The Colony Forming Unit (CFU) estimates the number of viable bacteria or fungal cells within a sample. This unit is based on the premise that a single living cell, or a cluster of cells, will multiply and form one visible colony when grown on a nutrient agar plate under controlled conditions. Quantifying microorganisms is essential for quality control in food and water safety, monitoring contamination levels in pharmaceutical production, and assessing infection magnitude in clinical settings. The CFU count provides a quantitative picture of the living microbial population.
Understanding Serial Dilutions
The concentration of microorganisms in an original sample is frequently too high to count accurately on a single plate. To resolve this, microbiologists use serial dilution, which systematically reduces the number of organisms across a series of tubes. This process involves mixing a small, measured volume of the initial sample into a larger volume of a sterile diluent, such as saline or buffer. A common practice is a tenfold dilution, where one milliliter of sample is added to nine milliliters of diluent, resulting in a 1:10 dilution.
This diluted mixture is used as the starting material for the next dilution step, repeating the process to create a series like 1:100, 1:1,000, and so on. The dilution factor is the inverse of the dilution (e.g., 10 for a 1:10 dilution). The total dilution factor for any tube is determined by multiplying the individual dilution factors of all preceding steps. Calculating this factor is important because it is used to back-calculate the original concentration of the sample.

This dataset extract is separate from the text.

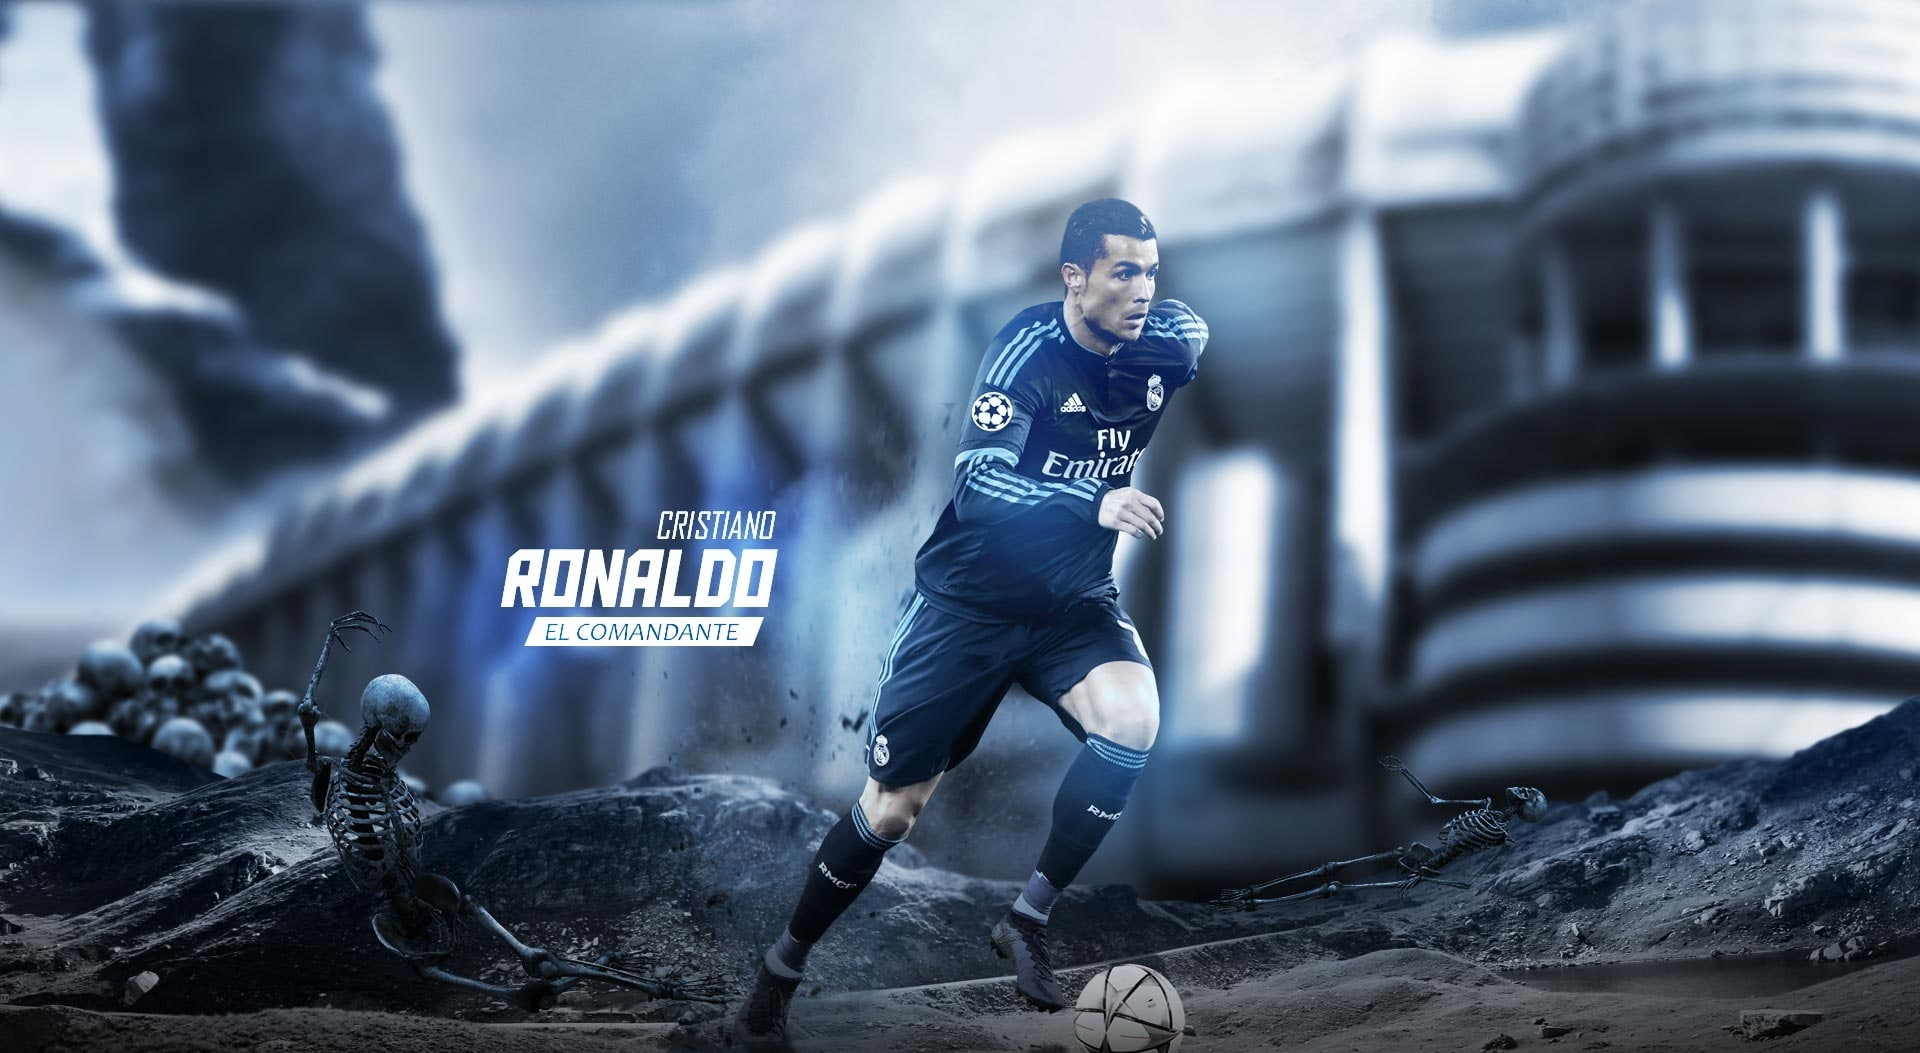 Cristiano Ronaldo - El Comandante, Cristiano Ronaldo digital wallpaper
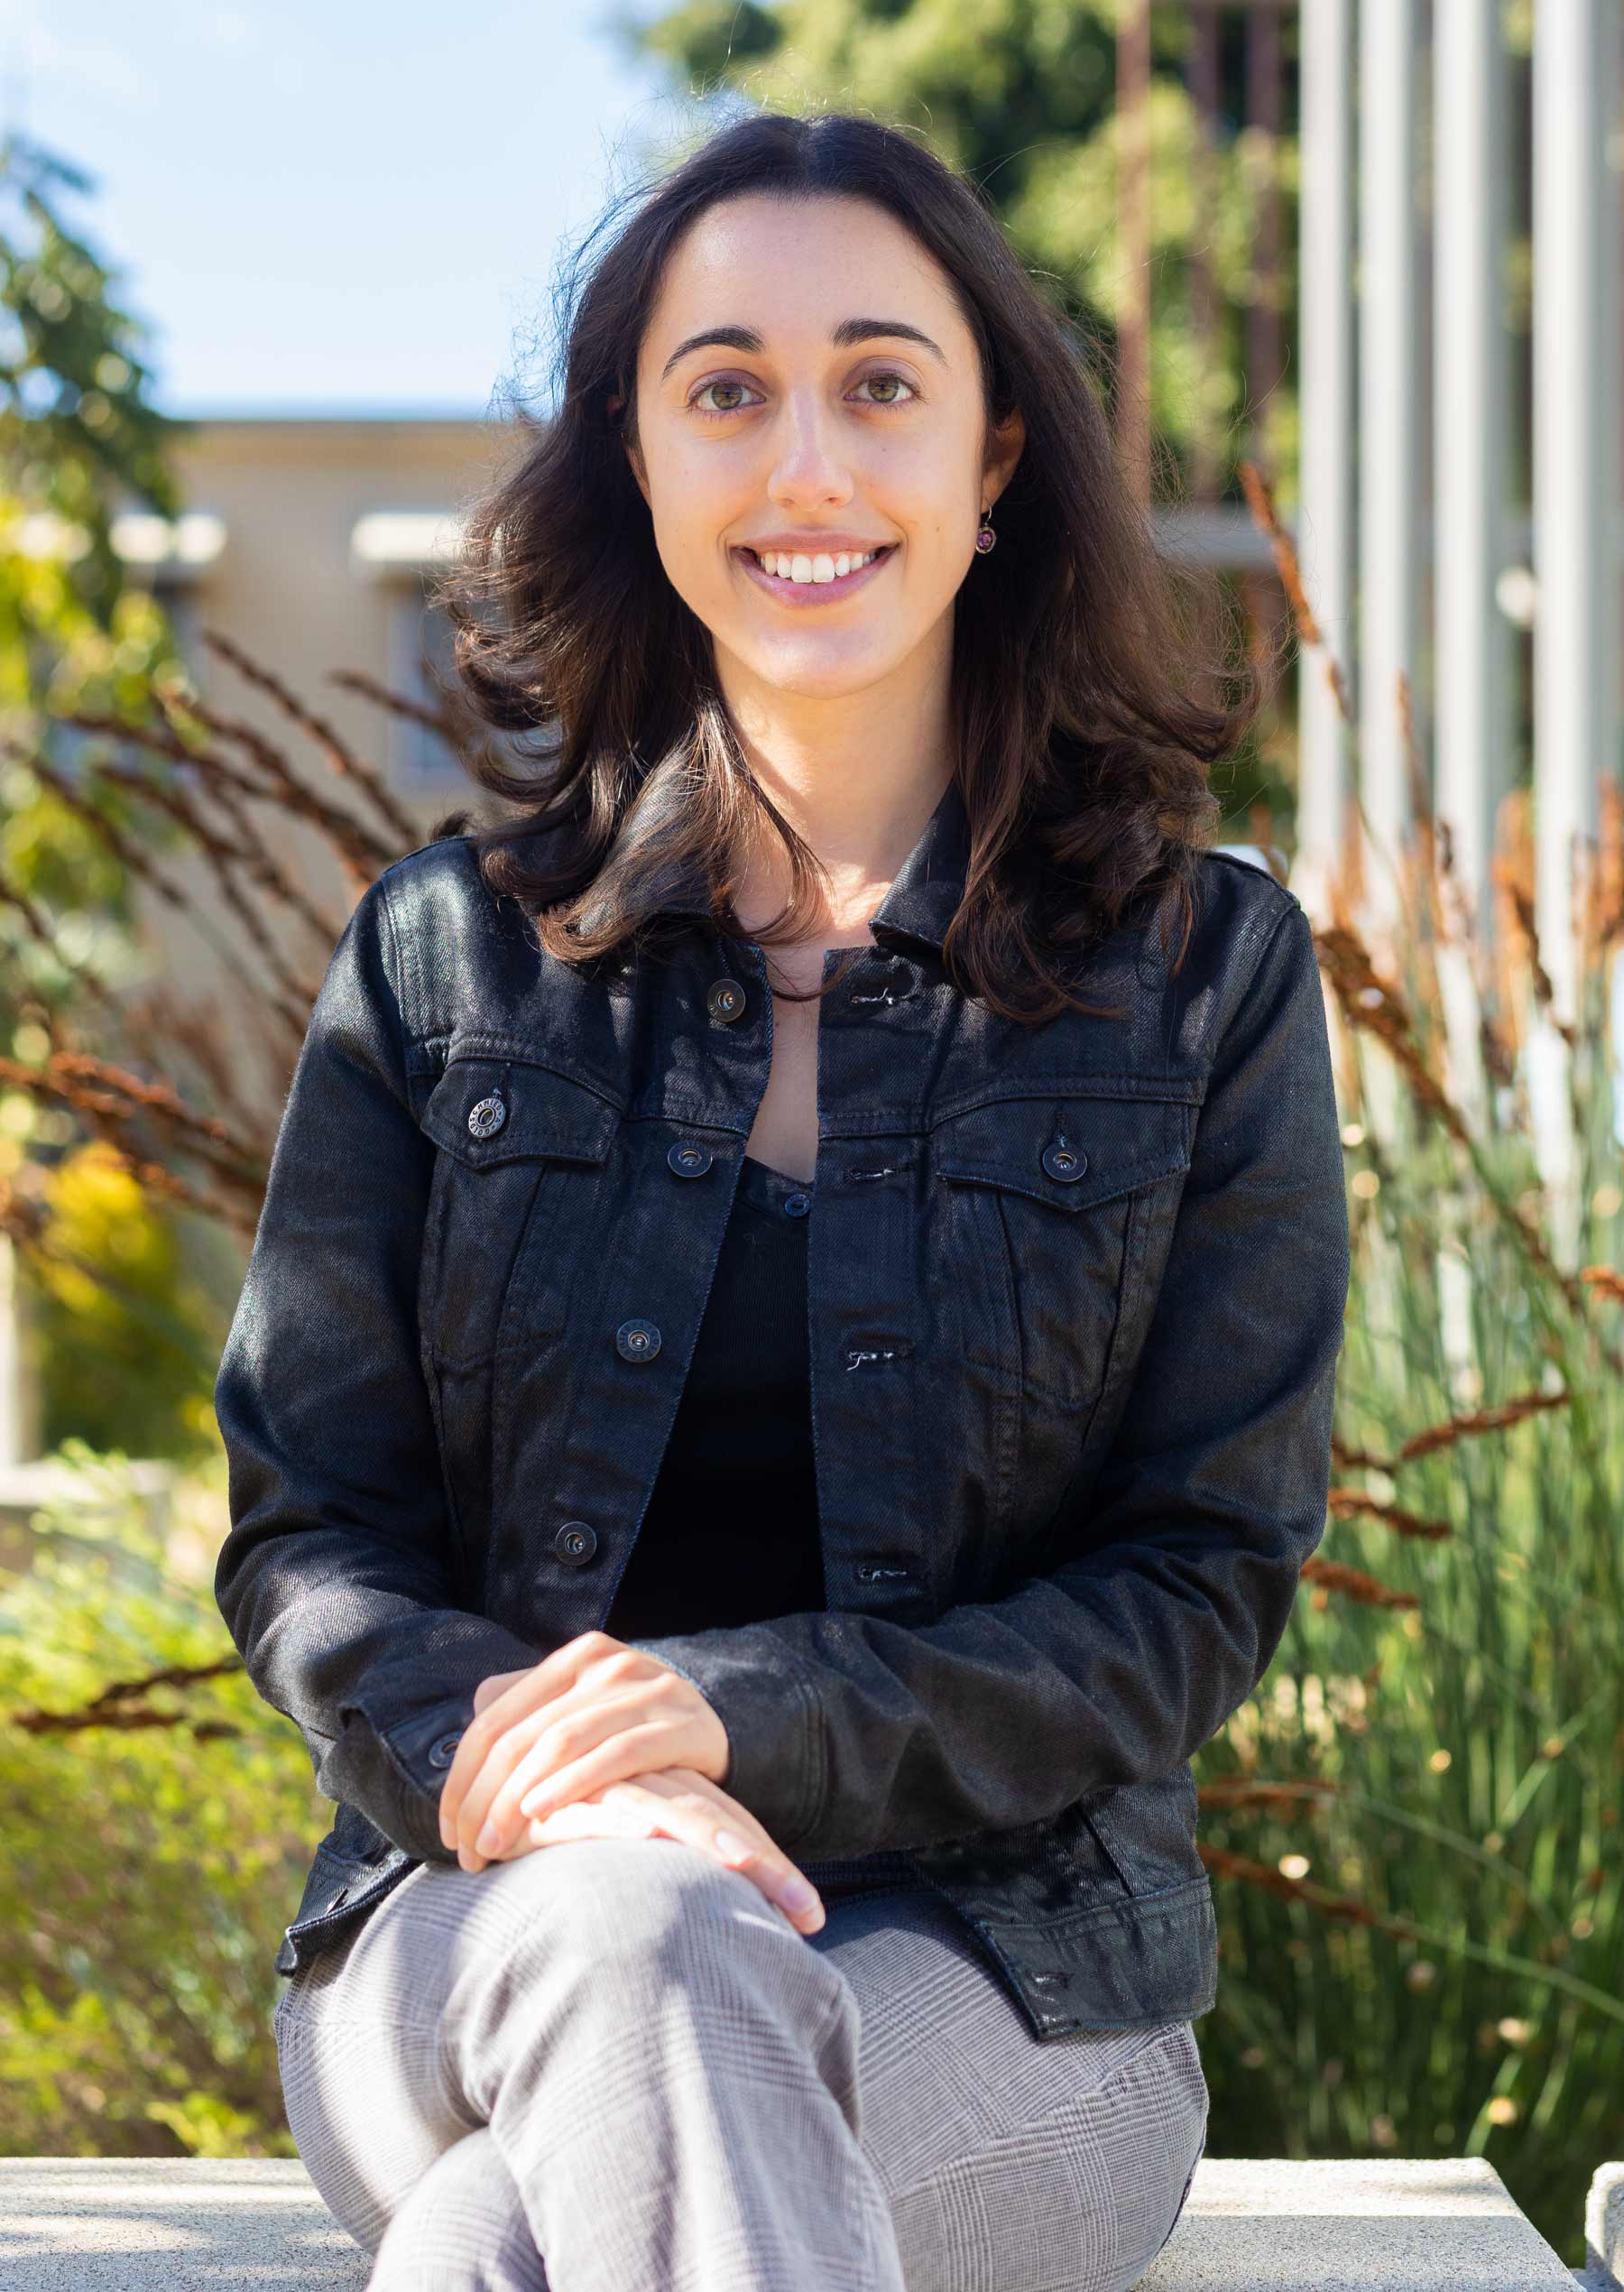 Sharon Levy - a Ph.D. candidate at UC Santa Barbara

Identifying Countable Plates
After serial dilution, small volumes from the diluted samples are plated onto agar and incubated. Only plates within a specific, statistically validated range are appropriate for counting. This standard guideline is the 30-300 rule, which dictates that the ideal number of colonies on a petri dish should be between 30 and 300. Plates with fewer than 30 colonies are statistically unreliable, as a single counting error can disproportionately skew the final result.
Plates containing more than 300 colonies are too crowded for accurate counting. Excessive colony growth leads to overlapping or merging colonies, making it difficult to distinguish individual Colony Forming Units. Plates outside this range are designated as Too Few To Count (TFTC) or Too Numerous To Count (TNTC) and are not used in the final calculation. The goal of serial dilution is to produce at least one plate within the 30–300 window to ensure the CFU/mL calculation is representative of the original sample.
Step-by-Step CFU/mL Calculation
The concentration of microorganisms in the original sample, expressed as CFU per milliliter, is calculated using the formula: \(\text{CFU/mL} = (\text{Number of colonies}) / (\text{Volume plated in mL} \times \text{Dilution Factor})\). For example, assume a sample was diluted \(10^{-5}\) (a dilution factor of 100,000). If \(0.1 \text{ mL}\) of this sample was plated, and the resulting colony count was 125, these three values are the inputs.
The calculation first involves multiplying the volume plated by the dilution factor. In this example, the product is \(0.1 \text{ mL} \times 100,000\), which equals 10,000. Next, the number of colonies is divided by this product to find the CFU/mL.
The calculation is \(125 / 10,000\), yielding a raw result of \(0.0125 \text{ CFU/mL}\). This is converted into scientific notation for readability. Therefore, the final result is \(1.25 \times 10^4 \text{ CFU/mL}\), or 12,500 CFU/mL. This systematic approach scales the count back to the concentration of the initial sample.
Interpreting and Reporting Results
Once the CFU/mL value is calculated, the final step involves interpreting and reporting the results. For plates outside the 30–300 countable range, a specific format reflects the data limitations. A plate that is Too Numerous To Count (TNTC), having more than 300 colonies, indicates the concentration exceeds the reliable limit of the method. This result is reported as greater than the calculated upper countable limit, such as \(>3.0 \times 10^5 \text{ CFU/mL}\).
A plate that is Too Few To Count (TFTC), with fewer than 30 colonies, suggests the concentration is near or below the detection limit of that dilution. If no growth is detected, the result is expressed as less than the lowest limit of detection for the plated volume and dilution (e.g., \(\)<10 \text{ CFU/mL}[/latex]). Countable results are reported using scientific notation to handle large numbers. Final reported numbers should be limited to two significant figures to reflect the precision of the plate count method.